The MTP architecture consists of a shared transformer backbone and n independent output heads. Each head predicts the token at position t+1, t+2, ..., t+n given the current context. The loss is the sum of cross-entropy losses across all n heads. Heads typically share the input embedding layer but have separate output projections. At inference, one can use only the first head (preserving compatibility with next-token sampling) or all n heads as a native drafter in speculative decoding — head 1 emits the next token, heads 2..n propose continuations, and the model verifies them all in a single step. The shared backbone and KV-cache eliminate the typical draft+target implementation pitfalls.
The standard next-token prediction loss trains the model on short-sighted, local dependencies.

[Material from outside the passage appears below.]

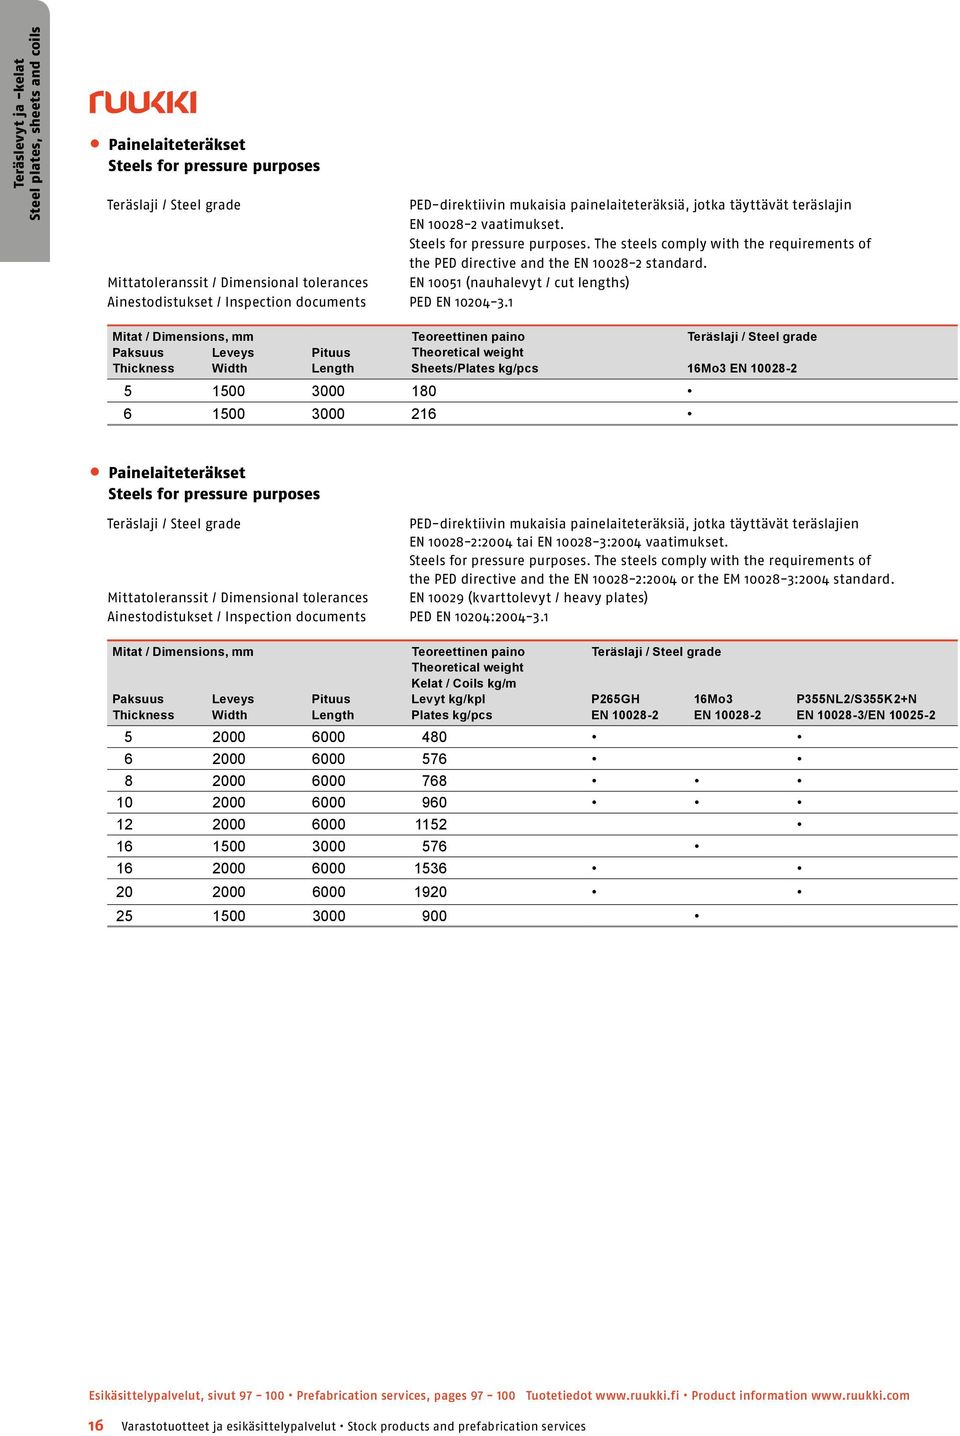 Mittatoleranssit / Dimensional tolerances EN 10051 (nauhalevyt / cut lengths) Ainestodistukset / Inspection documents PED EN 10204-3.

This causes weaker sample efficiency and forces a separate drafter model for speculative decoding (with the burden of coordinating two weight sets, KV-caches, and tokenizers). MTP addresses both at once: better training signal plus a native drafter inside the model.
MTP assumes token T+k can be predicted independently of T+1...T+k-1 given context. This approximation degrades for sequences with strong long-range dependencies.
Each prediction head adds ~(d_model × vocab_size) parameters — for 70B+ models with 128k vocab this is hundreds of GB of additional weights. Requires selective application or head compression.
Gloeckle et al. formalize the training objective and show that 13B models trained with 4-token prediction solve 12% more HumanEval and 17% more MBPP than next-token-only. Inference up to 3x faster even at large batch sizes.
DeepSeek-V3 (671B MoE, 37B activated) adopts MTP as an auxiliary training objective to strengthen quality. Open-weight model, trained with 2.788M H800 GPU-hours.
Google releases on May 6, 2026 experimental MTP drafter models for the Gemma 4 family under Apache 2.0 — 74M-parameter drafters for multi-billion-parameter targets. Supported by MLX, vLLM, SGLang, Ollama. 2.8x and 3.1x speedup on Pixel (E2B/E4B), 2.5x on Apple M4 (31B), 2x on RTX PRO 6000 (26B). No quality loss.
Number of future tokens the model learns to predict in parallel. Increasing n past some point yields diminishing quality gains and raises training cost.
Weight of the MTP loss relative to the next-token loss. Too high degrades main-head quality; too low reduces benefit.
Gemma 4 MTP drafters run on consumer GPUs (RTX PRO 6000) with 2x speedup, and on Pixel mobile GPUs with 2.8x–3.1x.
Apple Silicon (M4) with unified memory achieves 2.5x speedup on Gemma 4 31B via MLX.